Although as between organic and emotional pain, certain instances may not be tested to determine which may be causing the pain, nevertheless, the pain in both may be as real and as disabling. If the plaintiff in this action is malingering qualitatively, medical tests and objective findings should have been available through medical experts, and should have been presented as evidence. Failing this, the Secretary lacks substantial evidence to support his decision.
Is there any indication of what causes the plaintiff's pain? Is the pain organically caused or emotionally caused, or is it an admixture of both? Evidence should give first substantial indication, medically determinable, of the character and extent of any physical or emotional impairment which can be expected to be of long-continued and indefinite duration, as relating to disability on the part of the plaintiff for substantial gainful employment. If disabling pain does occur, as is quantitatively admitted by the defendant, then its degree should be established, so that, after subtracting the disability, an indication might be had of whatever ability then remains as may be translated into gainful employment. This should be further supplemented by an example of what gainful employment would consist and whether this gainful employment is available as competitive opportunity in the area in which the plaintiff labored and lives.
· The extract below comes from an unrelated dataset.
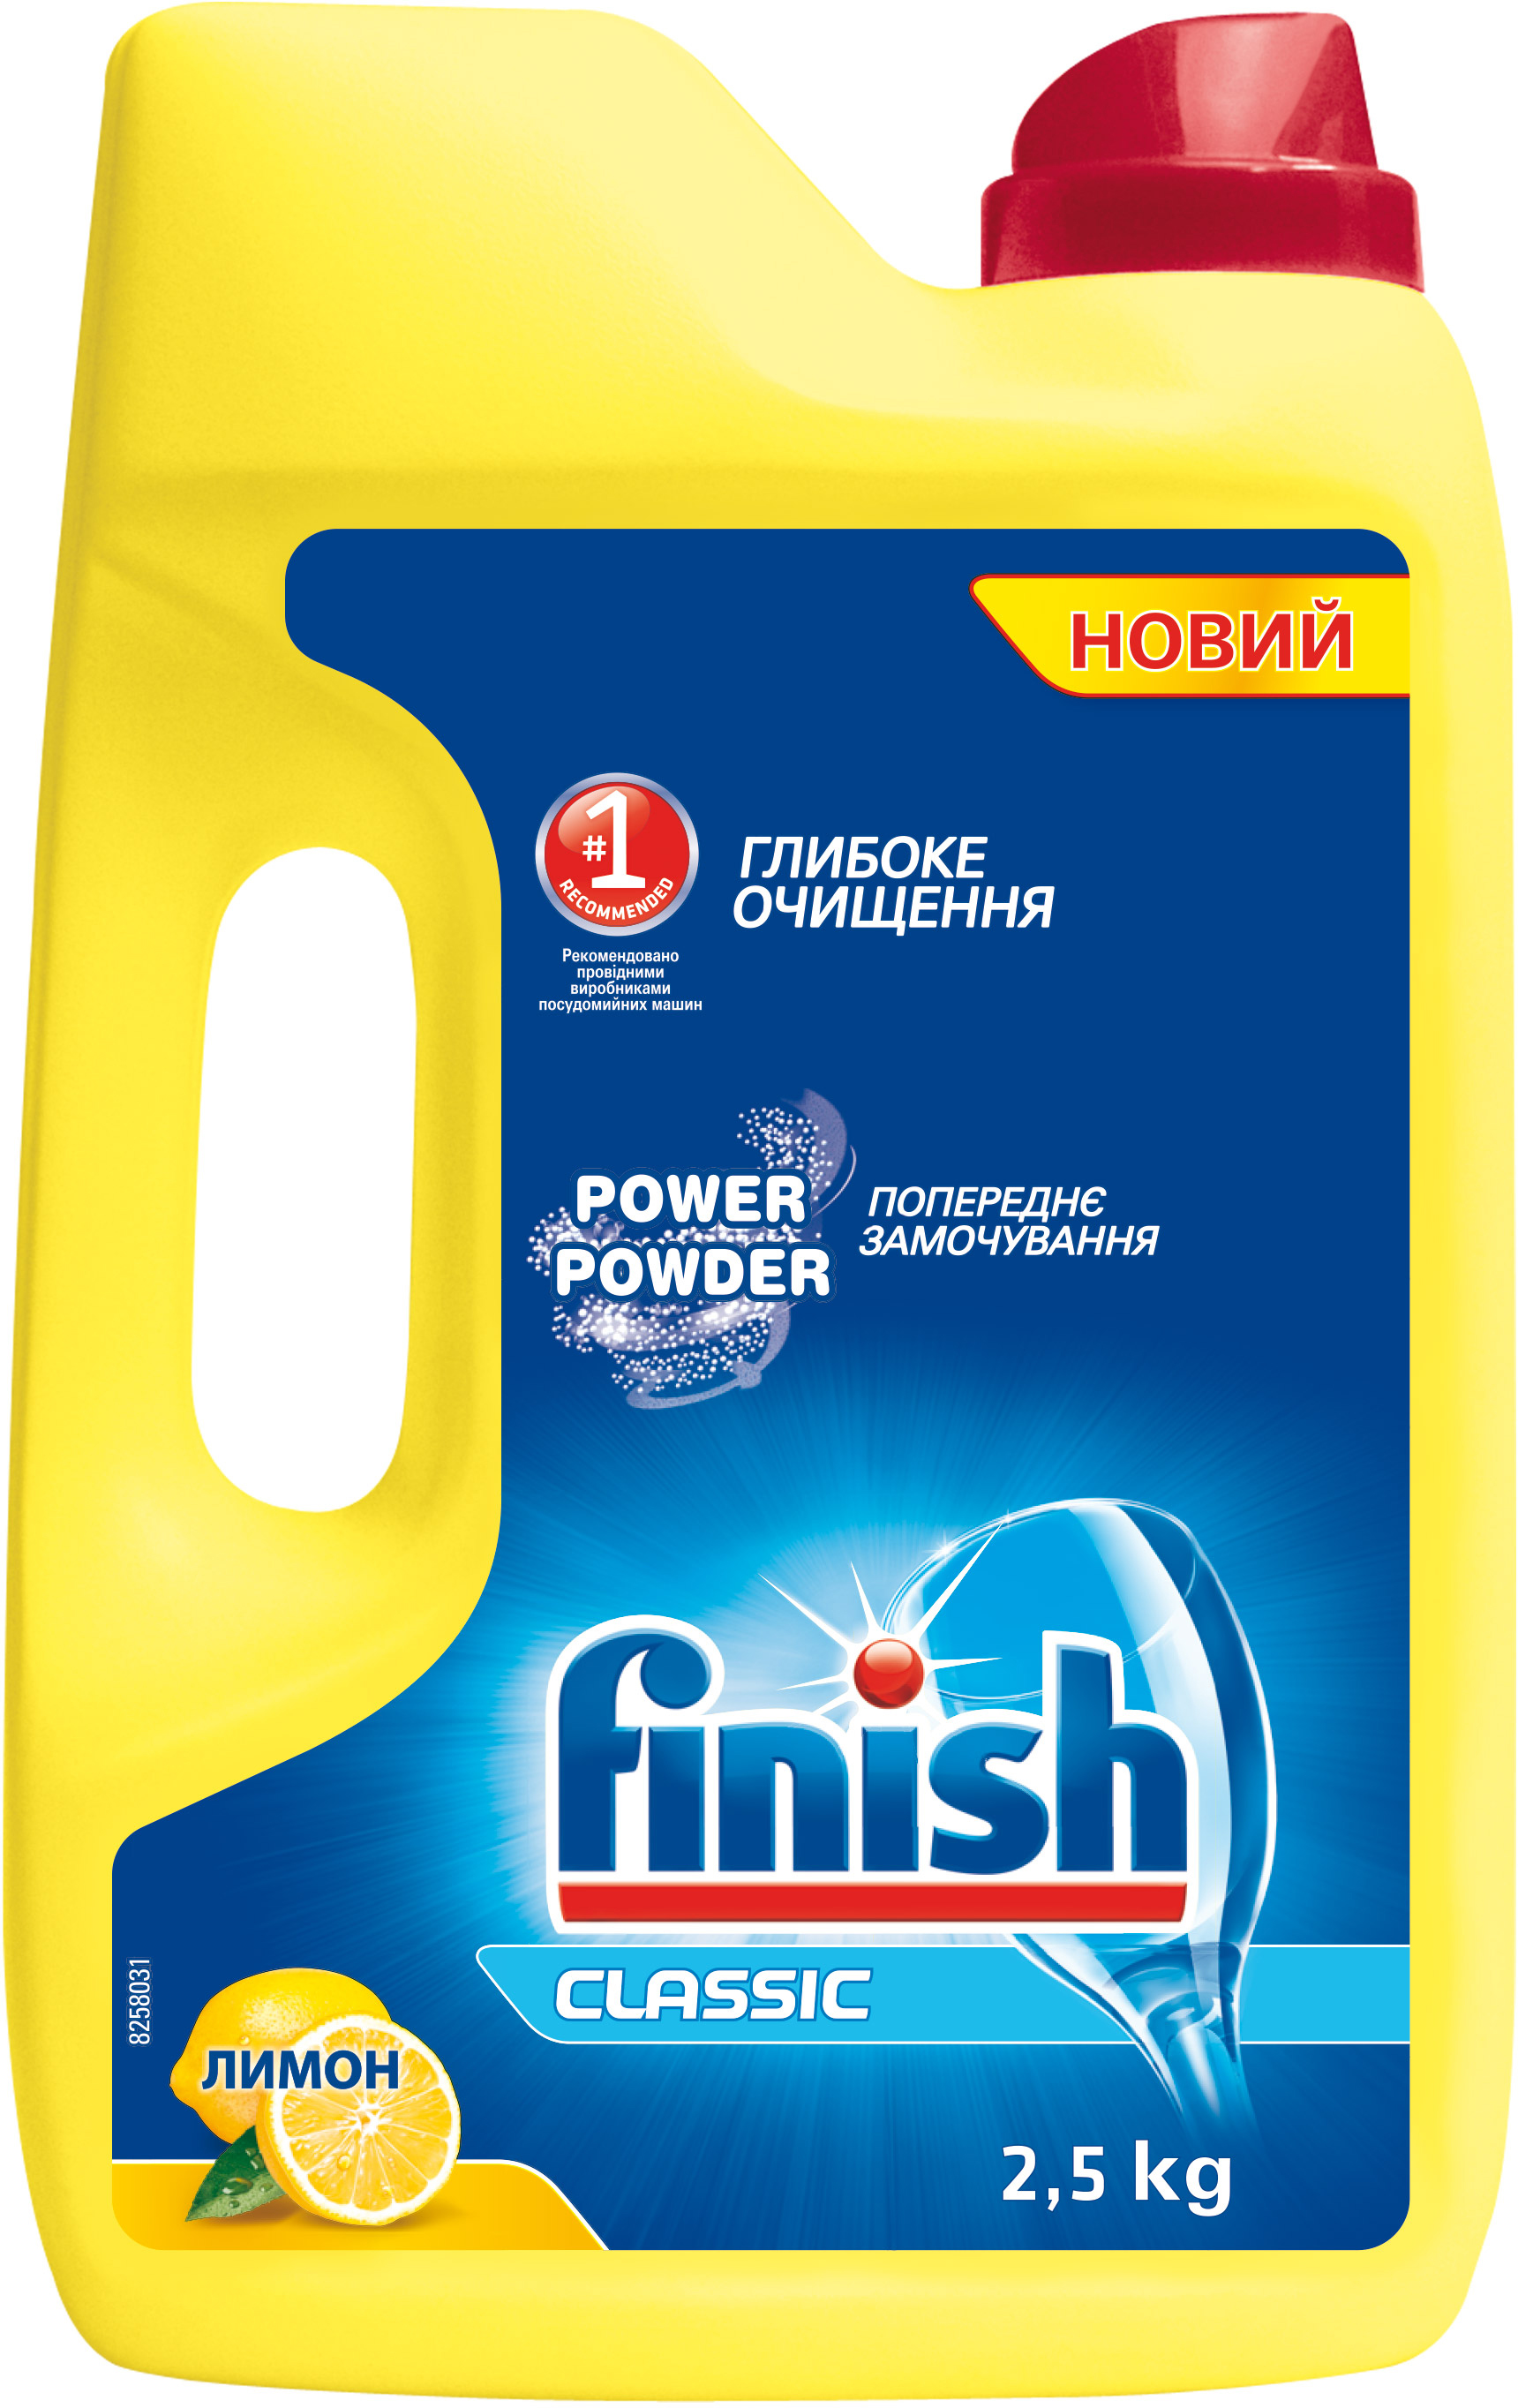 Порошок для мытья посуды в посудомоечной машине FINISH Лимон 2.5 кг .

In giving consideration to the record in this case, this Court is mindful of what Judge Kalodner of the Third Circuit in Goldman, Administrator of the Estate of Goldman v. B. Folsom, 246 F.2d 776, 778, 1957, said:
'In discharging that the duty we must keep in mind, as adjured by the Supreme Court, that 'courts must now assume more responsibility for the reasonableness and fairness' of decisions of federal agencies 'than some courts have shown in the past' and 'Reviewing courts must be influenced by a feeling that they are not to abdicate the conventional judicial function.' Universal Camera Corp. v. National Labor Relations Board, 1951, 340 U.S. 474, (475) 490, 71 S. Ct. 456, 466, 95 L. Ed. 456.'
Pursuant then to the provisions of the Social Security Act, Section 405(g), this case is remanded to the Secretary with orders to take additional testimony, and after hearing, make findings of fact and decisions thereon, and further to file with this Court, such additional record and findings of fact and decisions as then made.